The problem is, there are many entries where the same vendor is spelled slightly different ("Delta Airlines" v. "Delta Air"). What is the best way to detect these similar string names (say, with Fuzzywuzzy) while looping through the CSV file, and consolidate the transaction instance and amounts?

2 Answers2

0
import csv

from fuzzywuzzy import fuzz

with open('Transactions.csv') as Vendor_Data:
    file_reader = csv.reader(Vendor_Data, delimiter=',')
    vendor_dict = {}
    next(file_reader)  # skipping a header?
    for row in file_reader:

        # we can't use the dictionary directly (e.g. "key in vendor_dict")
        # because we want to do a similarity search.
        csv_name = row[3]
        for vendor_name, vendor_values in vendor_dict.iteritems():

            # this is *a* way to do it. You may want to use different scores
            # or even a different comparison
            if fuzz.token_set_ratio(csv_name, vendor_name) > 80:
                vendor_values[0] += 1
                vendor_values[1] += round(float(row[1]), 2)
                break
        else:
            # we didn't find anything similar enough, so create an entry
            vendor_values = [0, 0]
            vendor_values[1] += round(float(row[1]), 2)

        vendor_dict[csv_name] = vendor_values
Chris Curvey
  • 9,738
  • 10
  • 48
  • 70
  • I think the fuzzywuzzy part of this works, but the end result is an empty dictionary. I wonder if it's because when you assign values to vendor_name, vendor_values from vendor_dict.iteritems() (which in Python 3.x is just vendor_dict.items(), right?) it isn't actually reflecting back onto the original vendor_dict dictionary? – OnsideBump Jul 06 '19 at 21:16
  • it's because my indentation is wrong on the last line. Let me fix – Chris Curvey Jul 07 '19 at 00:03
0

Read the csv file in pandas.

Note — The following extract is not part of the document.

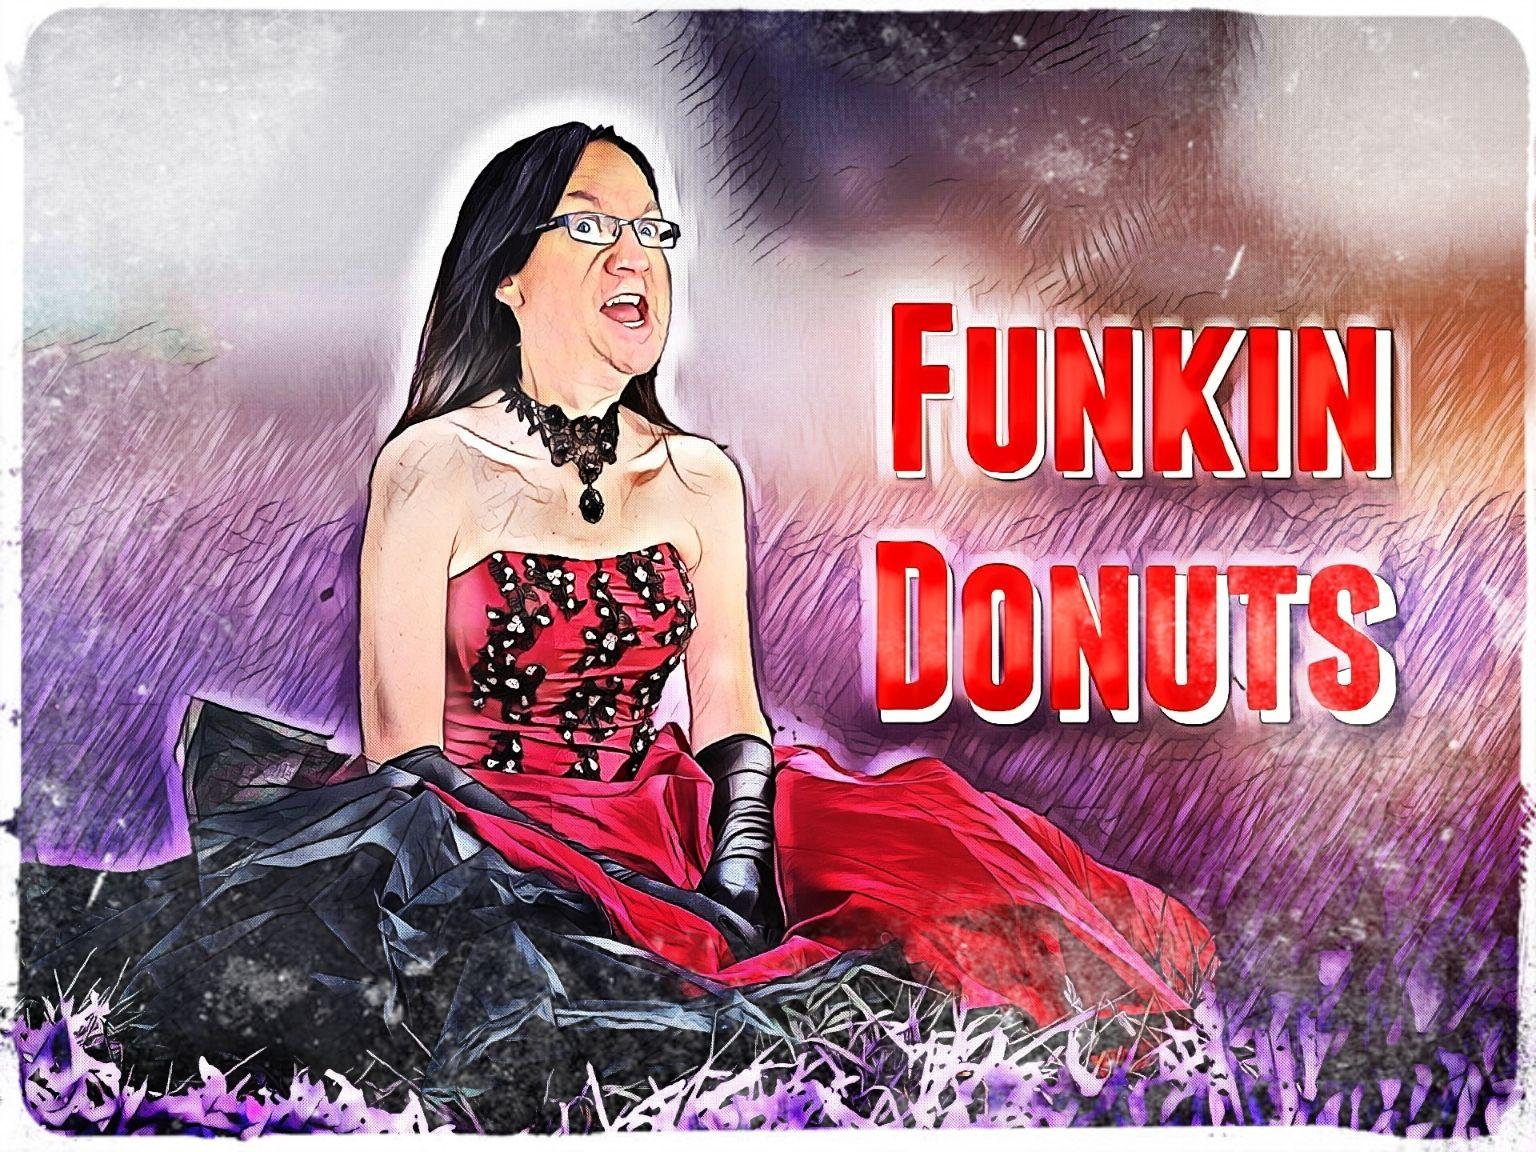 meesterboom_donuts.jpg

Then add a new column for the fuzzywuzzy percent match.

Create a threshold as to which percentage shall be considered same string then do the calculation afterwards by filtering using isin() method then adding the values of the columns for the transaction amount.

Loop this to your entire DataFrame and you'll get the result you need.

Joe
  • 879
  • 2
  • 6
  • 15